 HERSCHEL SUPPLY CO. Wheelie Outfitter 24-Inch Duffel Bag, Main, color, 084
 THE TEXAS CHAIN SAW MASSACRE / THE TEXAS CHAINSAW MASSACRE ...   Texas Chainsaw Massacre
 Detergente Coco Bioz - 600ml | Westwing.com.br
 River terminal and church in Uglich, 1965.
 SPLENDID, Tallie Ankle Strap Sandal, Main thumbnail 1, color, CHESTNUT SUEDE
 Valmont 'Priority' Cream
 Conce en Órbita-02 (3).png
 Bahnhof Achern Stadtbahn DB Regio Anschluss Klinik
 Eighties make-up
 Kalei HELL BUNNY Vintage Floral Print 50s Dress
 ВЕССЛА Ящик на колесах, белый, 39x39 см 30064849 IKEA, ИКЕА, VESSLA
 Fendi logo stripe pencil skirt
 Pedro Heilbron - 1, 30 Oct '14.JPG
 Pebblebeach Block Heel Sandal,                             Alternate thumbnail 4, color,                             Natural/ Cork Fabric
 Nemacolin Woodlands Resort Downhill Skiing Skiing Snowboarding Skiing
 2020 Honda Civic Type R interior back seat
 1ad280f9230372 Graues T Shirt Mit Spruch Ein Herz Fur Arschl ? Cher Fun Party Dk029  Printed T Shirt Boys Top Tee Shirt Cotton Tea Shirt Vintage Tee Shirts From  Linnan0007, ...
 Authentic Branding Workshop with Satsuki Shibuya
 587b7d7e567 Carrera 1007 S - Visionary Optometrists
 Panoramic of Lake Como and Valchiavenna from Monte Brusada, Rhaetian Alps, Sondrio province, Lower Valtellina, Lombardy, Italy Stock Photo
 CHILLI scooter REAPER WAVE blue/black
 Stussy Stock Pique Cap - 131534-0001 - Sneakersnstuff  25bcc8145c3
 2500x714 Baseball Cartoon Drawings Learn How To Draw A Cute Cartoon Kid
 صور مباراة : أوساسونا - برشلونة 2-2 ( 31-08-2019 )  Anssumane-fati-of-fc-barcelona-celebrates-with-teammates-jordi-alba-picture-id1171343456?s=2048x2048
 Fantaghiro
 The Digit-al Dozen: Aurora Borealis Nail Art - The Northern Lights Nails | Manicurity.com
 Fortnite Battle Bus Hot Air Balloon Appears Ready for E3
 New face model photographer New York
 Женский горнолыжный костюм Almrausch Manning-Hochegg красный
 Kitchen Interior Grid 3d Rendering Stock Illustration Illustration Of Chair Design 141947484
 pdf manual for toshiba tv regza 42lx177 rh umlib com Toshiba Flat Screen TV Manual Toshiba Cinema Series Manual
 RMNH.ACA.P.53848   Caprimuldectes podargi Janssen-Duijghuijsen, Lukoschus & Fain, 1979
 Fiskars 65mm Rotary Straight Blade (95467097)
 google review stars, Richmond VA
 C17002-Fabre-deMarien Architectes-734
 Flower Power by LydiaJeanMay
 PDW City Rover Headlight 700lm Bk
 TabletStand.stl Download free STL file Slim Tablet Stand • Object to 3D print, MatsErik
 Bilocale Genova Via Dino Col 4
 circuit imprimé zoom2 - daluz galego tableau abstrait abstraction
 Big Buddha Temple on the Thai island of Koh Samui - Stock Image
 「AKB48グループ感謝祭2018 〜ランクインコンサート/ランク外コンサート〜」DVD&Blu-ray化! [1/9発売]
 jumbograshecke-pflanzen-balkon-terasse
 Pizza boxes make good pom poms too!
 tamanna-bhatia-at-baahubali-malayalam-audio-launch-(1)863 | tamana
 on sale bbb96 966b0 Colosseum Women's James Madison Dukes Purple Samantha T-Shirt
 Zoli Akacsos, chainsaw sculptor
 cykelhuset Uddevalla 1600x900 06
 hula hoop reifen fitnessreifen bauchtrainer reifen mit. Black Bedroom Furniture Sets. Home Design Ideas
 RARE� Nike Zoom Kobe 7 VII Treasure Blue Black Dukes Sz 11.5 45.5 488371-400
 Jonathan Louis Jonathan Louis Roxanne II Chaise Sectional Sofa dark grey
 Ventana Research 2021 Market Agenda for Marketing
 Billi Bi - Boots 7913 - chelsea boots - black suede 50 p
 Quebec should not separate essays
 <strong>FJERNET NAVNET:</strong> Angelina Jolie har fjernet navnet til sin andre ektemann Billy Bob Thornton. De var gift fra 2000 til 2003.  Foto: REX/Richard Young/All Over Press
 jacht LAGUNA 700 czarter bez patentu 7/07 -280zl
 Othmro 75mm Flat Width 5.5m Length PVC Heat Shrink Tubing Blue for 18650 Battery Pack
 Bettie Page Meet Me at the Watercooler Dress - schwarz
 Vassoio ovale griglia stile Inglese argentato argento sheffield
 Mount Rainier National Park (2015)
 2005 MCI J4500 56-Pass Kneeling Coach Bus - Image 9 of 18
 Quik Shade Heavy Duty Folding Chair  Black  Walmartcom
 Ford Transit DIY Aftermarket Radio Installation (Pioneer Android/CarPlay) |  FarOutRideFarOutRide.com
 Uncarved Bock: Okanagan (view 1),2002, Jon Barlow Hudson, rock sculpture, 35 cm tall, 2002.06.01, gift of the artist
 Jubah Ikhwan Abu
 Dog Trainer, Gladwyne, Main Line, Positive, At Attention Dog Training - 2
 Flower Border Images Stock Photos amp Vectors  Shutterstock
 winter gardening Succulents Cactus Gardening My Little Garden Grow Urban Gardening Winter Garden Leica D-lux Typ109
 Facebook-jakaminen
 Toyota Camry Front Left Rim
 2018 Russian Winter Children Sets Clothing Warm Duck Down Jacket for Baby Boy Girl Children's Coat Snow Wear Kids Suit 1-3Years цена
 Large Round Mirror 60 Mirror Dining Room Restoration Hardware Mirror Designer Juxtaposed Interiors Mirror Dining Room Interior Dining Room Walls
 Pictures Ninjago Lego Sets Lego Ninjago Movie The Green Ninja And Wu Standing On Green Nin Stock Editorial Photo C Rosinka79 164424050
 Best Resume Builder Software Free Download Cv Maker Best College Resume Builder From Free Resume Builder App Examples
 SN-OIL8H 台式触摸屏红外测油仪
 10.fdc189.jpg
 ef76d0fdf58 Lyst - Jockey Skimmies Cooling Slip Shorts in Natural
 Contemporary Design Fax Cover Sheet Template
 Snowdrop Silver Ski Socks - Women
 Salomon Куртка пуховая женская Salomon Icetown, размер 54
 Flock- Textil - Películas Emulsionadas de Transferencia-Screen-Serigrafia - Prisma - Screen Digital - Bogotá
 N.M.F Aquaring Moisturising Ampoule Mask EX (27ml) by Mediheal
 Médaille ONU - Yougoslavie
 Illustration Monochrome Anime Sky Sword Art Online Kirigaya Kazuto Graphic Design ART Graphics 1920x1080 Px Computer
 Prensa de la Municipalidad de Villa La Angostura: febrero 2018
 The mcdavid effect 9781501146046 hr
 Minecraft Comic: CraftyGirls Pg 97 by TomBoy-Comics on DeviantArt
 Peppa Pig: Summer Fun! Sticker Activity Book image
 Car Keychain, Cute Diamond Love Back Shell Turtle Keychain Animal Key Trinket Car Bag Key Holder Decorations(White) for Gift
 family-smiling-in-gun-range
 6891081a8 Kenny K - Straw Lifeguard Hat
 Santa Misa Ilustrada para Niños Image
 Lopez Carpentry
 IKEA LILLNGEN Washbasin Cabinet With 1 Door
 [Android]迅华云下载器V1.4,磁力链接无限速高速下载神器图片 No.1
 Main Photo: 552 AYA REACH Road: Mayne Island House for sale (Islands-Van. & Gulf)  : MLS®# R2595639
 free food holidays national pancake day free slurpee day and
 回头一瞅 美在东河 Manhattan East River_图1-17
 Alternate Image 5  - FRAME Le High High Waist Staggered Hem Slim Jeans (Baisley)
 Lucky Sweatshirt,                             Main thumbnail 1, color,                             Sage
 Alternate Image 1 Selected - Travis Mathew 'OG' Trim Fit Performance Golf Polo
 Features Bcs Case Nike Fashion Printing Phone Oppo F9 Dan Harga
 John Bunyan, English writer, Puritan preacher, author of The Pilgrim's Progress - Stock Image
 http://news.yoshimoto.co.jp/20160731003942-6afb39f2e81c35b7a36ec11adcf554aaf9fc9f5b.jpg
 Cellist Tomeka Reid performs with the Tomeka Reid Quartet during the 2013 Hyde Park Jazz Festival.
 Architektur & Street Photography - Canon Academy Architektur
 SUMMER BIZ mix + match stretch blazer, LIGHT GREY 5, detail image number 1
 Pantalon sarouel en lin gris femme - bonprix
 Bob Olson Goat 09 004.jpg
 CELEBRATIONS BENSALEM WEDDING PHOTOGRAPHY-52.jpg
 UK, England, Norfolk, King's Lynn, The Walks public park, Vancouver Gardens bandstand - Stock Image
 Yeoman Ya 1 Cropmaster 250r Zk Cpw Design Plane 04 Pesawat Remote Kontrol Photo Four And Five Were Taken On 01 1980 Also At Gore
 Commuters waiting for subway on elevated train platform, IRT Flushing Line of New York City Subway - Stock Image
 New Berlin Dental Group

- - -

A verbatim transcription is required: the first line of the listing, the line containing "Pedro Heilbron - 1, 30 Oct '14.JPG", and every line between them.

 HERSCHEL SUPPLY CO. Wheelie Outfitter 24-Inch Duffel Bag, Main, color, 084
 THE TEXAS CHAIN SAW MASSACRE / THE TEXAS CHAINSAW MASSACRE ...   Texas Chainsaw Massacre
 Detergente Coco Bioz - 600ml | Westwing.com.br
 River terminal and church in Uglich, 1965.
 SPLENDID, Tallie Ankle Strap Sandal, Main thumbnail 1, color, CHESTNUT SUEDE
 Valmont 'Priority' Cream
 Conce en Órbita-02 (3).png
 Bahnhof Achern Stadtbahn DB Regio Anschluss Klinik
 Eighties make-up
 Kalei HELL BUNNY Vintage Floral Print 50s Dress
 ВЕССЛА Ящик на колесах, белый, 39x39 см 30064849 IKEA, ИКЕА, VESSLA
 Fendi logo stripe pencil skirt
 Pedro Heilbron - 1, 30 Oct '14.JPG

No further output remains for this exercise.